The main contributions of this paper are:
We propose the first federated distillation approach that utilizes the predictions of the clients model on public data to cluster clients.
We show that our approach results in successful clustering even when the boundaries between each client group are unclear.
We demonstrate the effectiveness of our approach under challenging conditions such as insufficient data and ambiguous group boundaries. It also improves the performance of minority groups, bringing us closer to a fairer FL.
Our paper is organized as follows.
In
Section 2, we review the relevant literature on clustering techniques in federated learning and federated distillation methods.
In
Section 3, we formally define the problem and present the proposed clustered federated distillation algorithm using a label-based group structure.
In
Section 4, we evaluate the proposed method
- -
In
Section 4.1, we present the setup used in our experiments.
- -
In
Section 4.2, we compare the clustering accuracy of our algorithm with existing FL methods using clustering in a label-based group structure.
- -
In
Section 4.3, we compare the performance of our method with existing federated distillation methods in a label-based group structure.
In
Section 5, we summarize the main results and limitations and suggest directions for future work.
5. Discussion
In this study, we address the scenario of different data distributions between different client groups in federated distillation. We introduce a methodology that uses hierarchical clustering to categorize clients according to the number of labels predicted by each model for public data. This approach overcomes the limitations of traditional federated distillation techniques that assume a uniform data distribution when a label-based group structure exists.
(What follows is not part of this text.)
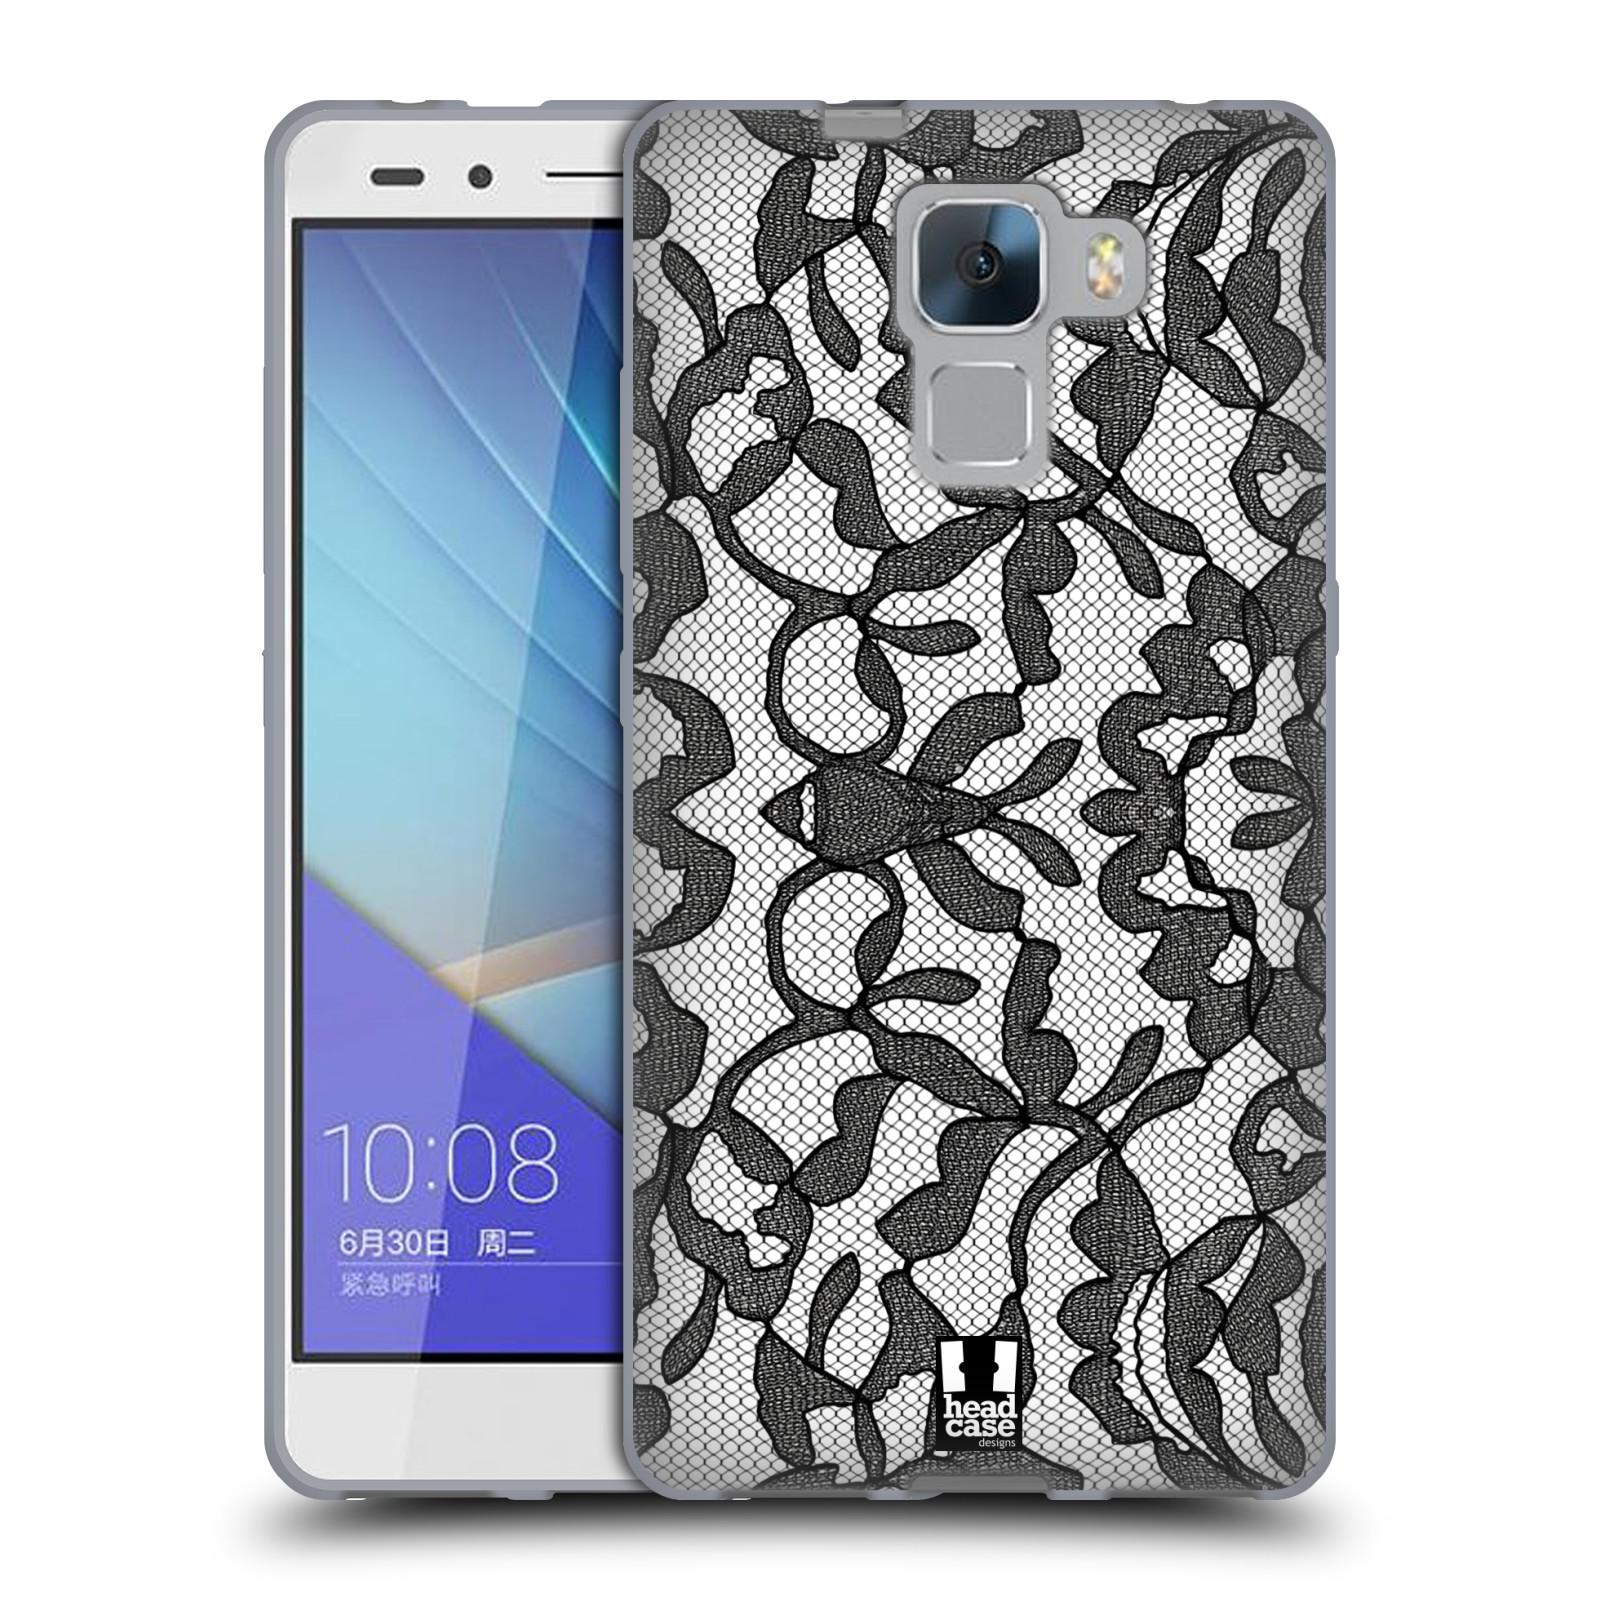 Silikonové pouzdro na mobil Honor 7 HEAD CASE LEAFY KRAJKA (Silikonový kryt či obal na mobilní telefon Huawei Honor 7)

Our method can be used when different groups (e.g., demographic groups) have significantly different data distributions to ensure that all groups receive equally good results.
The experiments show that the model correctly classifies groups with different labels. The accuracy of the model exceeds that of traditional methods when there is a clear cluster structure based on labels. In particular, the accuracy of a small number of groups, which is problematic in traditional federated distillation, is significantly improved. This may pave the way for fair FL. Furthermore, our method does not require knowledge of the number of clusters, making it applicable in a wider range of environments. However, as the group structure becomes less clear, the performance gap between our method and existing algorithms narrows. We will continue to improve our method to perform better in ambiguous group structures.
It would be an interesting research topic to combine our method with different data types, such as text, more complex images, or time series data. Our method could also be combined with data-free distillation where no public data exists. Our algorithm will also be very effective in the presence of malicious clients that send false predictions to the server. By creating a group of malicious clients, we can ensure that other clients are not affected by them.